Expect your ESG to be measured in 2021.
Even among closely-held, family-owned and partnership-owned businesses that extend beyond self-employment and Main Street into some kind of B2B (business-to-business) enterprise, prepare your firm to be asked some unusual, perhaps uncomfortable, questions next year.
I write this as I join America, waiting to see who will be inaugurated in January as our next president. It remains a bit early to tell.
But, admittedly, the passion of politics and the fervor of the furious has masked the reality of the emergence of ESG in 2020. I’m even adding a page to my website later this month on it.
“Environmental, social and governance (ESG) criteria are a set of standards for a company’s operations that socially conscious investors use to screen potential investments. Environmental criteria consider how a company performs as a steward of nature,” one investment fund says on its site.
Not yet with an agreed-upon technical definition, and without any real quantitative metrics or benchmarks, ESG surfaced first over the last few years in the investment industry as a theme for self-identifying companies to claim “the moral high ground” of progressive social values.
If you don’t closely follow the markets, you even would have missed it. Investors have rewarded its cornerstone premise around hewing to a higher standard in progressive social values.
However, even in the legendary Wild West of free-market capitalism, progressivism has announced its entrance, and SMBs (small- and mid-sized businesses), particularly beyond Main Street, will need to pay closer attention in 2021. Yes, the rules are changing.
D&I, or diversity and inclusion, is one of the critically important parts of managing a business’ ESG, that is, just taking a look at a company’s workforce, and how it fares on a diversity yardstick. Less than a week ago, an article by The Wall Street Journal’s legal reporter focused on how the bigger clients of law firms are increasingly asking about the diversity of their law firms’ workforces, expecting, even requiring more attorneys.
I tend to treat such issues bluntly, even in uncomfortable ways.
Many, if not most, of us from the business despise “the heavy hand” of government with “the blunt instrument” of affirmative action to address and cure the legacy results of historic discrimination. It allows no subtlety, no nuance. Increasingly it’s becoming passe.
I’d encourage you to think about it this way, as a workplace-focused form of voluntary reparations.

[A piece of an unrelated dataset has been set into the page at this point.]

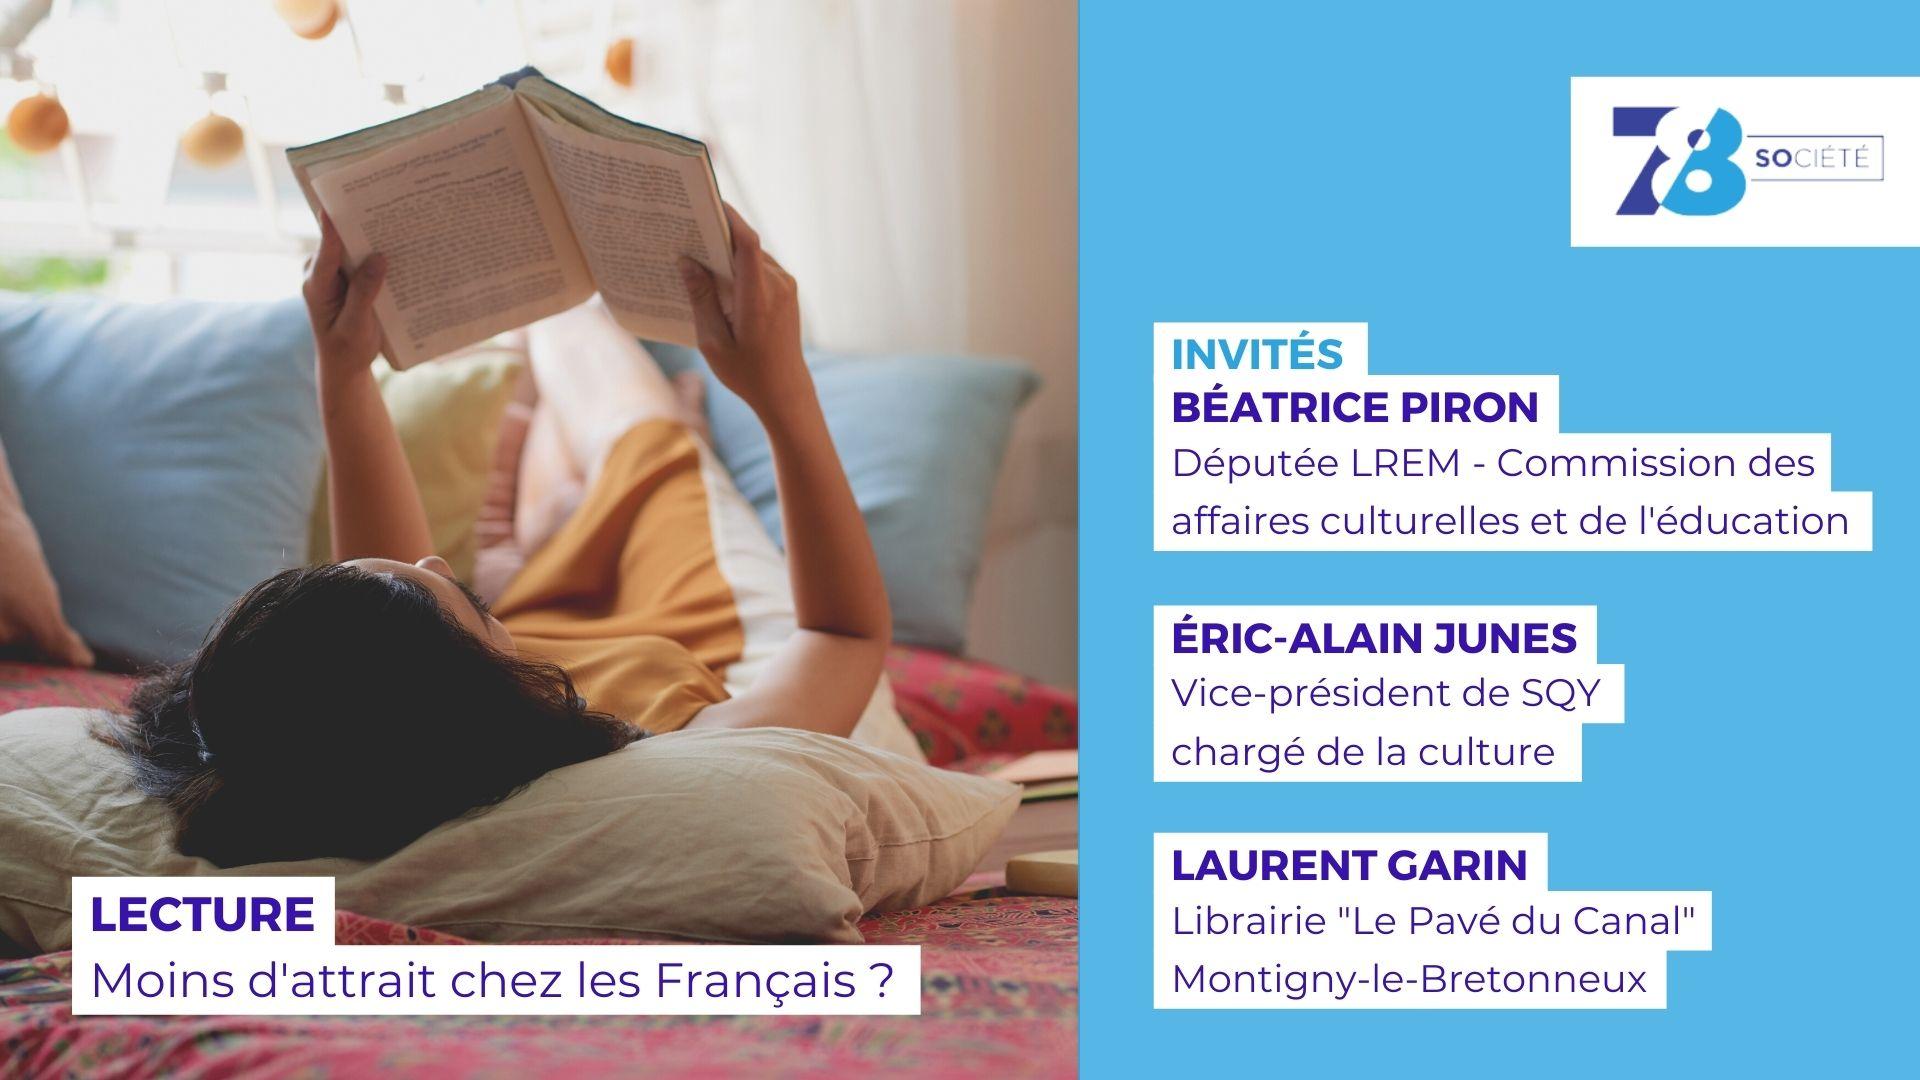 7/8 Société. Lecture : moins d'attrait chez les Français ?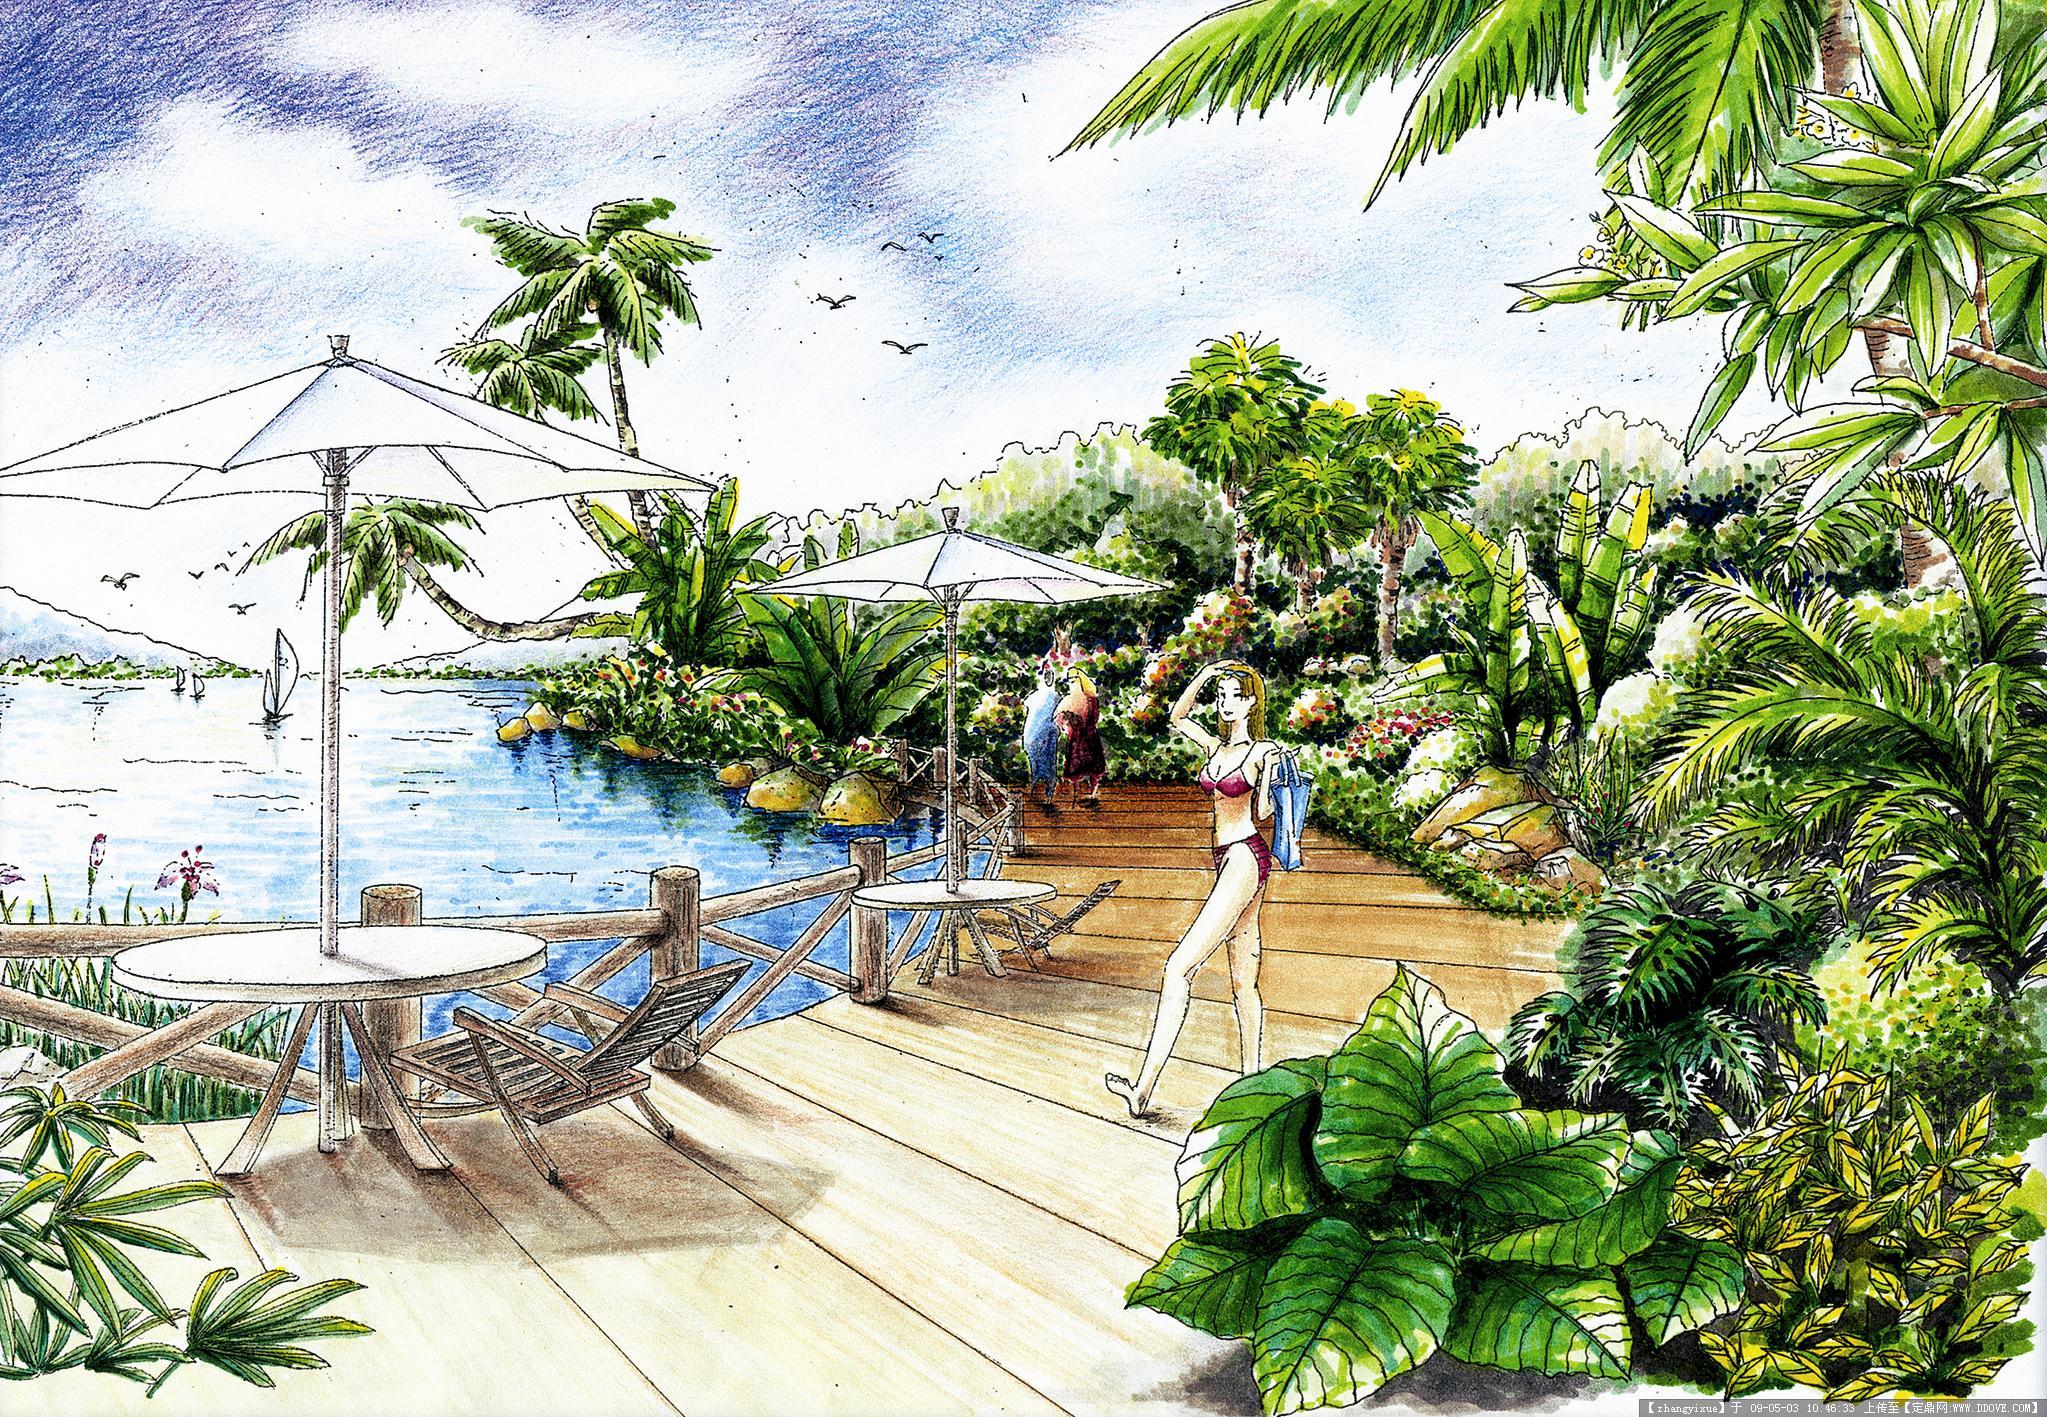 手绘园林图片3-14-小岛风情效果图 -a2 副本.

If historic preference in favor of white applicants by private employers effectively discriminated against minority candidates or population, resulting in impoverishment, then shouldn’t social justice argue that a fair remedy – yes, even social reparations – is employment discrimination for minority applicants that includes and even features discrimination against members of the majority?
In the last couple years, some notable and well-publicized cases on academic admissions – two recently, one at Harvard, one at Yale – focused on the discrimination against white and Asian-American applicants in order to discriminate any favor of black and Hispanic applicants.
Rather than take its finger off the white side of the scale at Harvard and Yale, and let merit rule, each appeared to compensate by putting its finger on the black and Hispanic side of the scale. (I always thought applicants of Asian descent were a minority, as well, but I guess the Ivies didn’t care!)
Be forewarned that ESG extends beyond the workforce.
If you’re a manufacturer or a big energy user, think about “sustainability” as a value, e.g., use of recyclables and/or “green energy.” Pay attention to your waste stream, and how your own vendors handle both the raw materials and the waste.
Beyond your hiring practices, take a look at other human capital and governance issues, among them, who and how do you promote leadership? What about the parents of young children in your workforce? Do your operating policies make sense in a family-friendly and/or remote workforce environment?
This is a fast-moving, rapidly evolving area, so much so that in just a year this article will seem like some primitive artifact. But it’s real. It’s here. It’s not going away. Every forward-thinking businessperson – particularly those who claim an interest or commitment to social justice – needs to think it through, plan and adapt accordingly.
Sam Waltz is the publisher emeritus of Delaware Business Times.